## Exercise
Transcribe the listing verbatim. Do not carry over any pictures.

## Given data
_ _ _

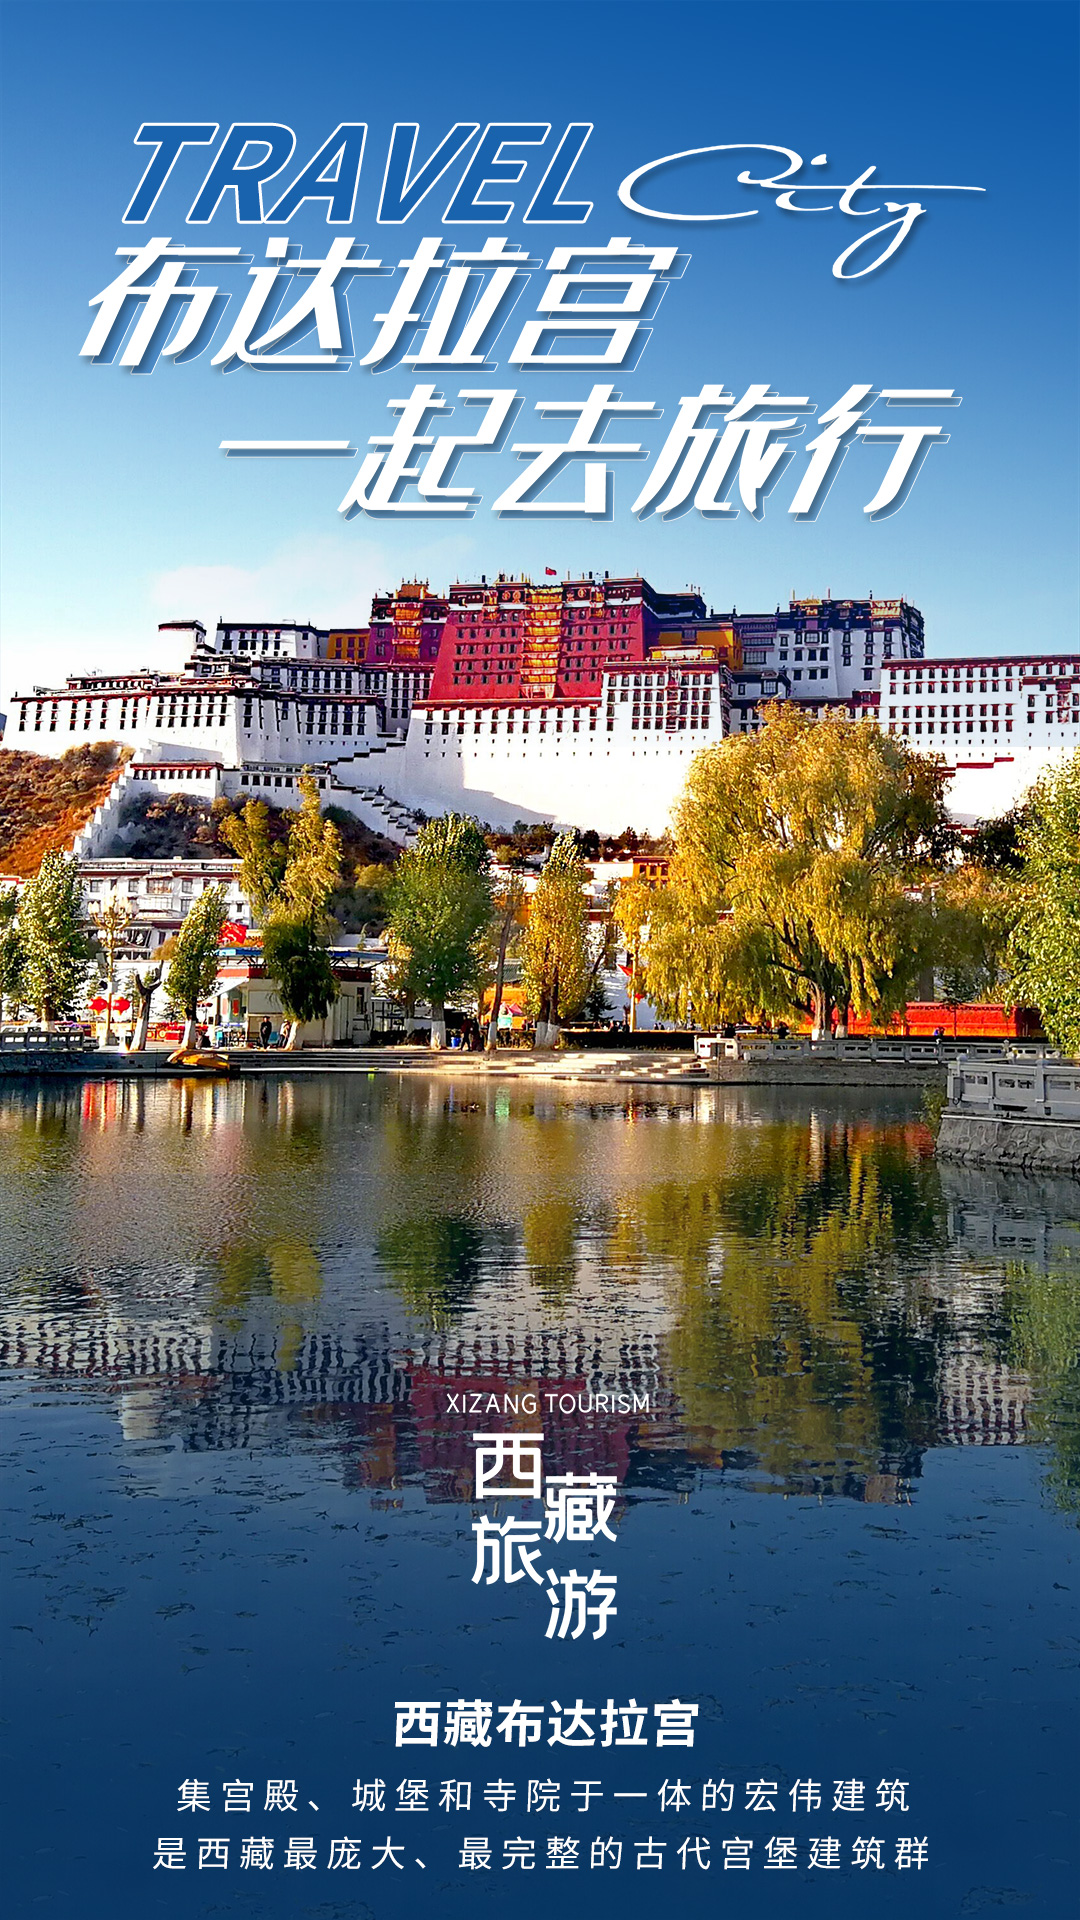 藏行纪西藏旅游海报psd广告设计素材海报模板免费下载
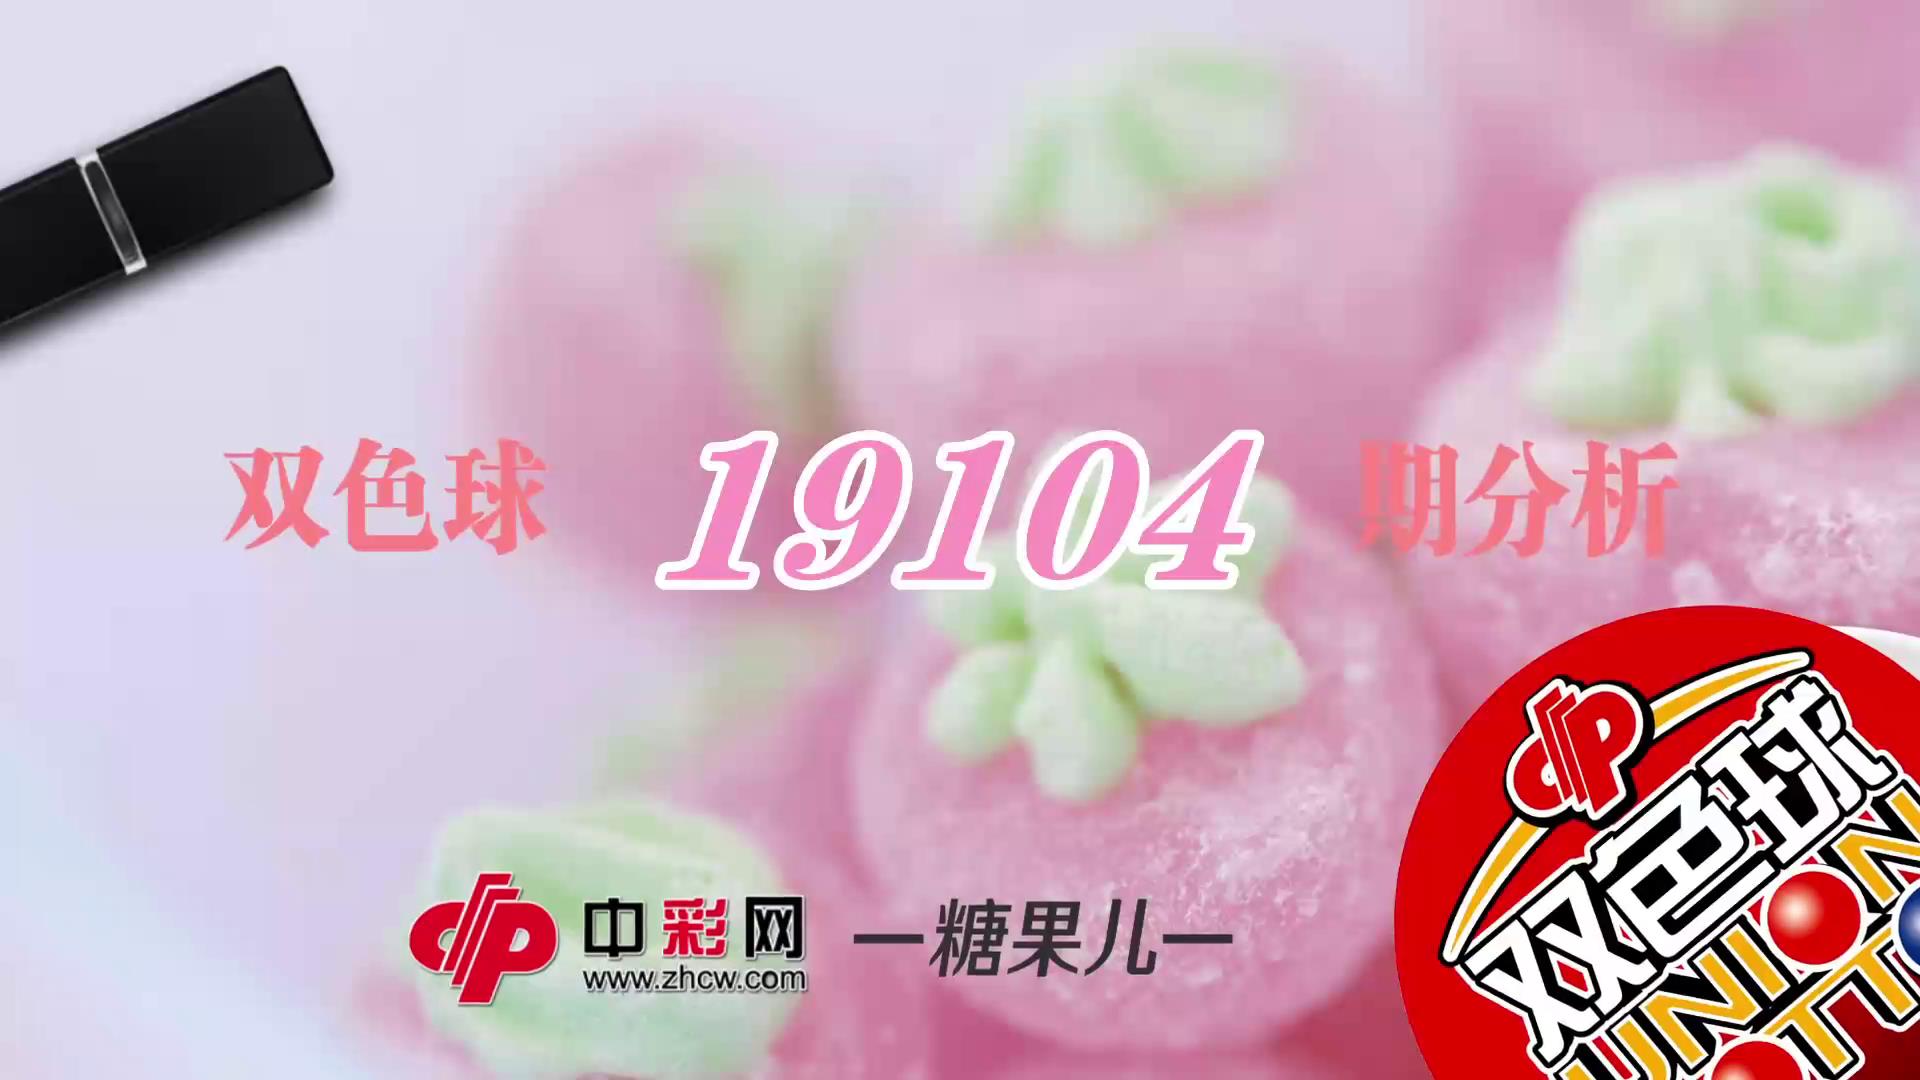 【中彩视频】糖果儿双色球第19104期
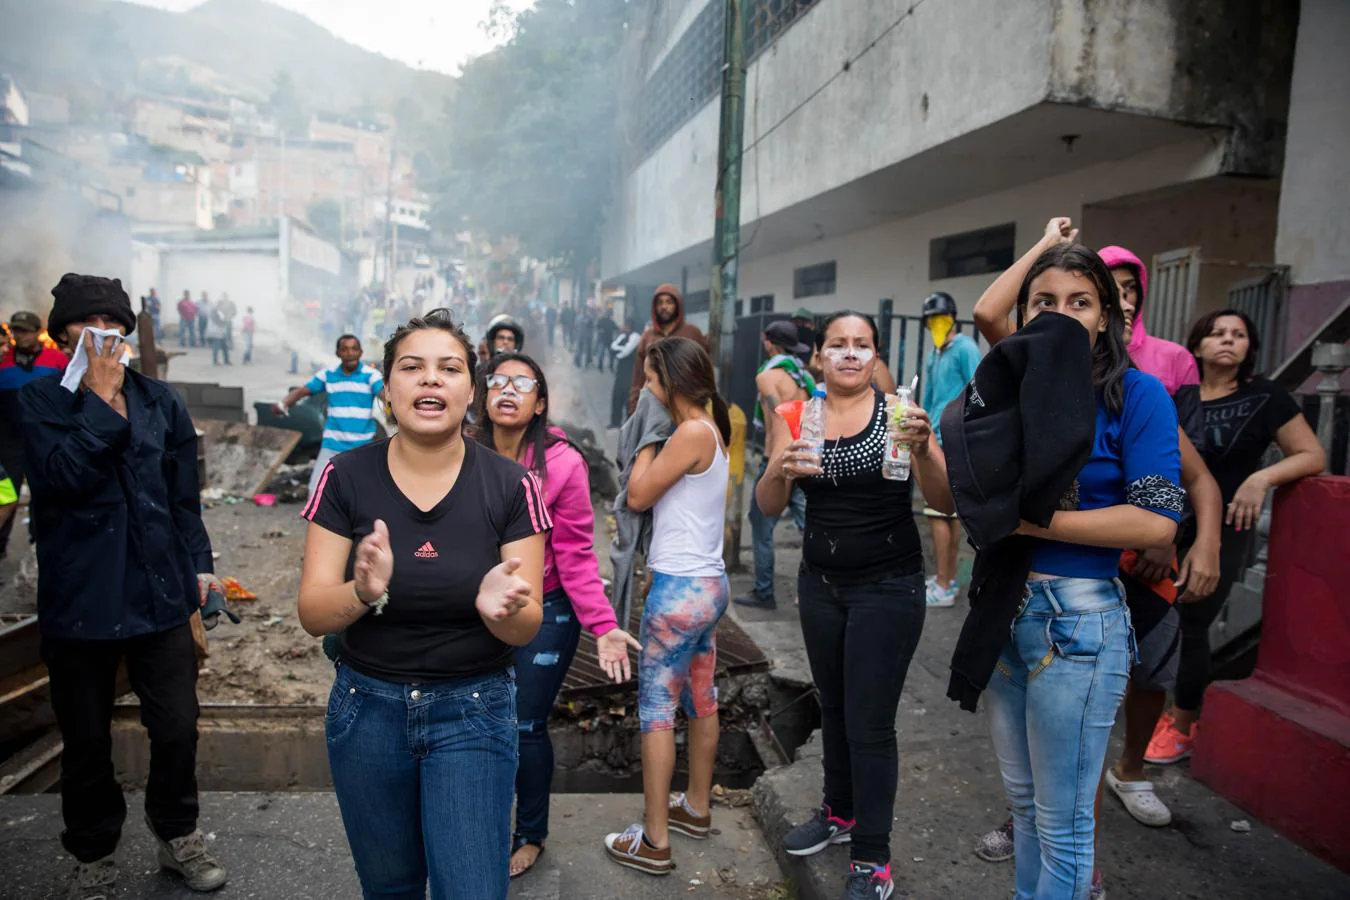 Las imágenes más dramáticas de la sublevación militar en Venezuela. Vecinos del barrio de Cotiza, al norte de Caracas, manifiestan en las calles en apoyo a los militares sublevados

_ _ _

## Exercise result
 藏行纪西藏旅游海报psd广告设计素材海报模板免费下载
 【中彩视频】糖果儿双色球第19104期
 Las imágenes más dramáticas de la sublevación militar en Venezuela. Vecinos del barrio de Cotiza, al norte de Caracas, manifiestan en las calles en apoyo a los militares sublevados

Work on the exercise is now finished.